# SBF gone wrong!



## micc117 (Feb 18, 2012)

Hi,

I recently had a bad sbf'ing moment with my dorid 2 global. The battery died and I couldnt sbf back to stock...

What I tried was aloowing it to sit on the stock recovery screen while plugged into the wall charger for like 15 mins...

After this I booted into the forever-bootloader, and it still said low battery.

I turned off my phone and plugged it into the wall charger and then something amazing happend...

It was charged enough to allow a clean sbf again...

I hope this helps some people that are having trouble going back to stock


----------



## jayr4290 (Mar 7, 2012)

I Just Had To Face The Same Issue.. The Way I Solved It Was By Upgrading RSD Lite To Its Latest Version And Making Sure My Phone Was In Bootloader Mode; To Enter The Bootloader I Made Sure The Phone Was Off And Held Down The (Up Arrow Key And The Power ON Button) Released It After 4 Seconds And Retried SBF And It Worked.

IF After You SBF The Phone Back To Factory The Phone Bootloops and Wont Get Passed The Bootanimation Screen Follow These Steps Below. (You Need To Factory Reset The Phone)

Enter The Android System Recovery Menu By Making Sure The Phone Is Off And Hold (X And The POWER ON Button) If Booted Correctly You Should See An Exclamation Point Inside Of A Triangle With An Android Figure Below ; To Wipe/Factory Reset The Phone Press The Middle Of The Volume Button If No Options Are Showed And Either Use The Volume Keys Or Arrows To Navigate Around The Menu; Press Enter On The Keyboard Once The Option Wipe/Factory Reset Is Highlighted And Hold Down OK On The Bottom Left Of The Screen Until Completed, Then Reboot.

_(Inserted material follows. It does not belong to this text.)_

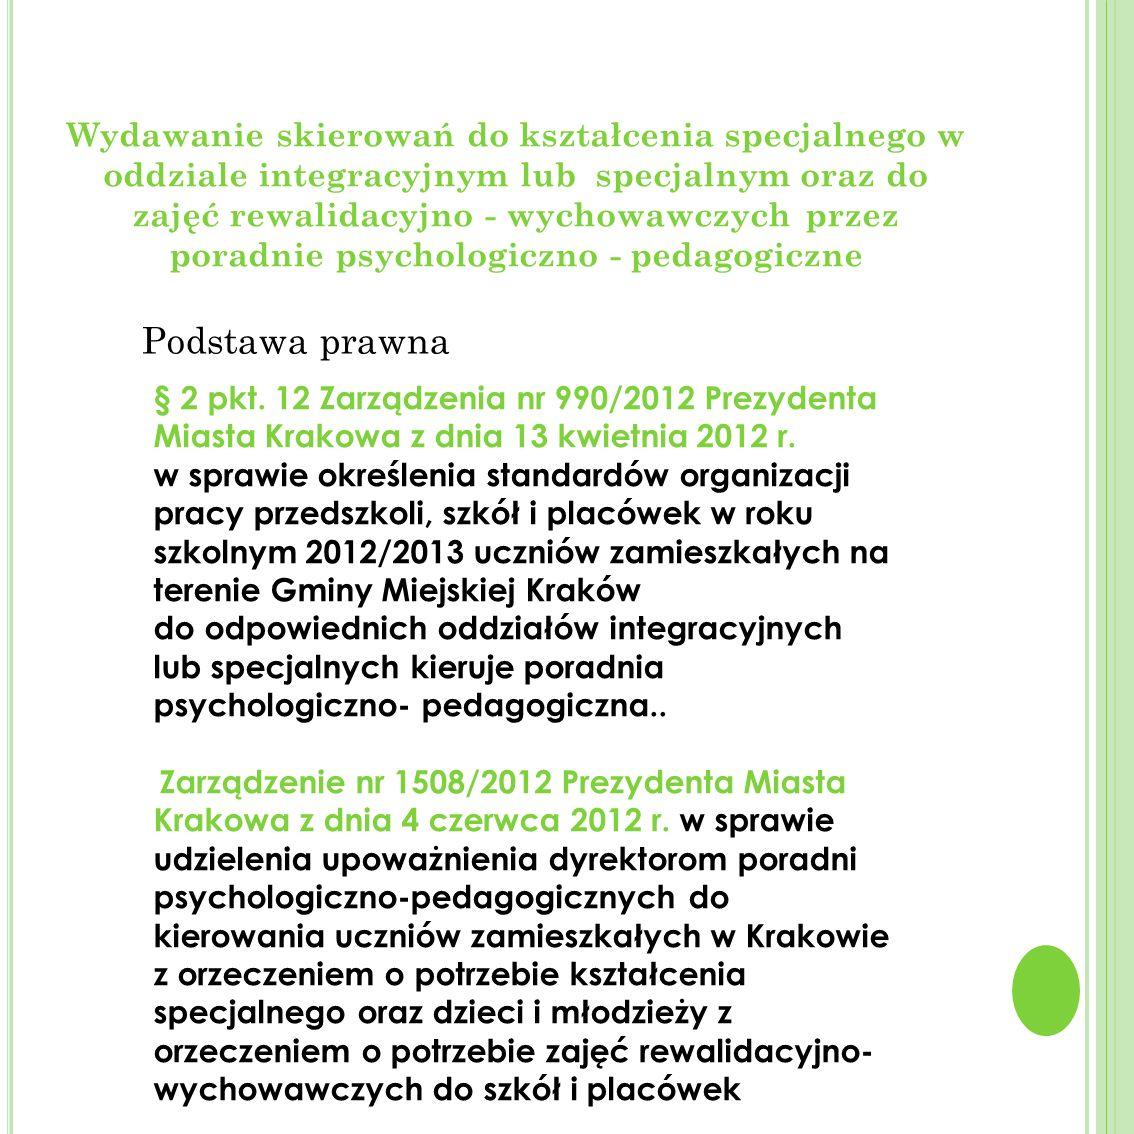 § 2 pkt. 12 Zarządzenia nr 990/2012 Prezydenta Miasta Krakowa z dnia 13 kwietnia 2012 r.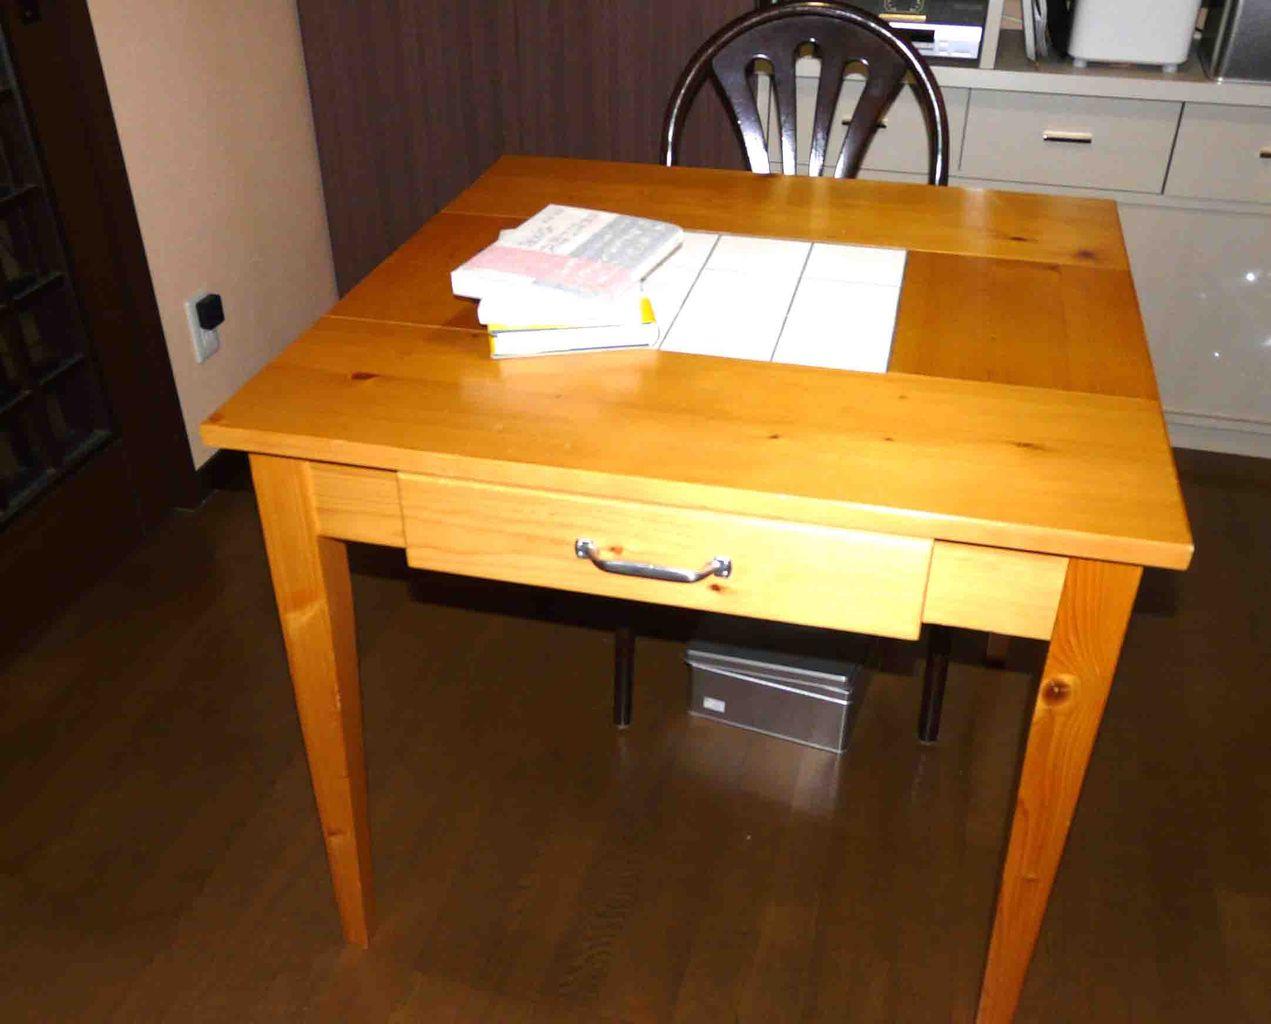 11 8 3天板タイルのテーブル

Hopefully This Helps Someone In The Community 

This Is The Most Recent Version Of RSD LITE >>>> http://forum.xda-dev...d.php?t=1348587

(Droid 2 A955 SBF) The SBF File Is In The Zip File Labeled VRZ_A955_2.3.20.zip At >>>>> http://www.droid-lif...erbread-update/ Download And Extract Where You Please And Then Run The RSD Lite And Browse For The Specific Location The Files Are. For The Rookies 

(Droid 2 Global A956 SBF) The SBF Is Labeled VRZ_A956_4.5.608_1FF_01.sbf.zip At >>>> http://www.droid-life.com/2012/01/10/droid-2-global-4-5-608-full-sbf-released/

Sorry About That SBF.. Updated Today 3/8/2012 All Is Well Now


----------



## micc117 (Feb 18, 2012)

thats the droid 2 sbf, I have the droid 2 global


----------



## bikedude880 (Jun 18, 2011)

micc117 said:


> thats the droid 2 sbf, I have the droid 2 global


http://synibox.info/synik4l/x13thangelx/D2G/VRZ_A956_4.5.608_1FF_01.sbf.zip

Gingerbread. Let us know if you need the Froyo SBF (2.4.29 or 2.4.330)


----------



## x13thangelx (Jun 8, 2011)

bikedude880 said:


> http://synibox.info/..._1FF_01.sbf.zip


He's in your hosting, stalking your files? o.o (i dont remember posting that link anywhere lol)


----------



## Gasai Yuno (Jul 25, 2011)

x13thangelx said:


> He's in your hosting, stalking your files? o.o (i dont remember posting that link anywhere lol)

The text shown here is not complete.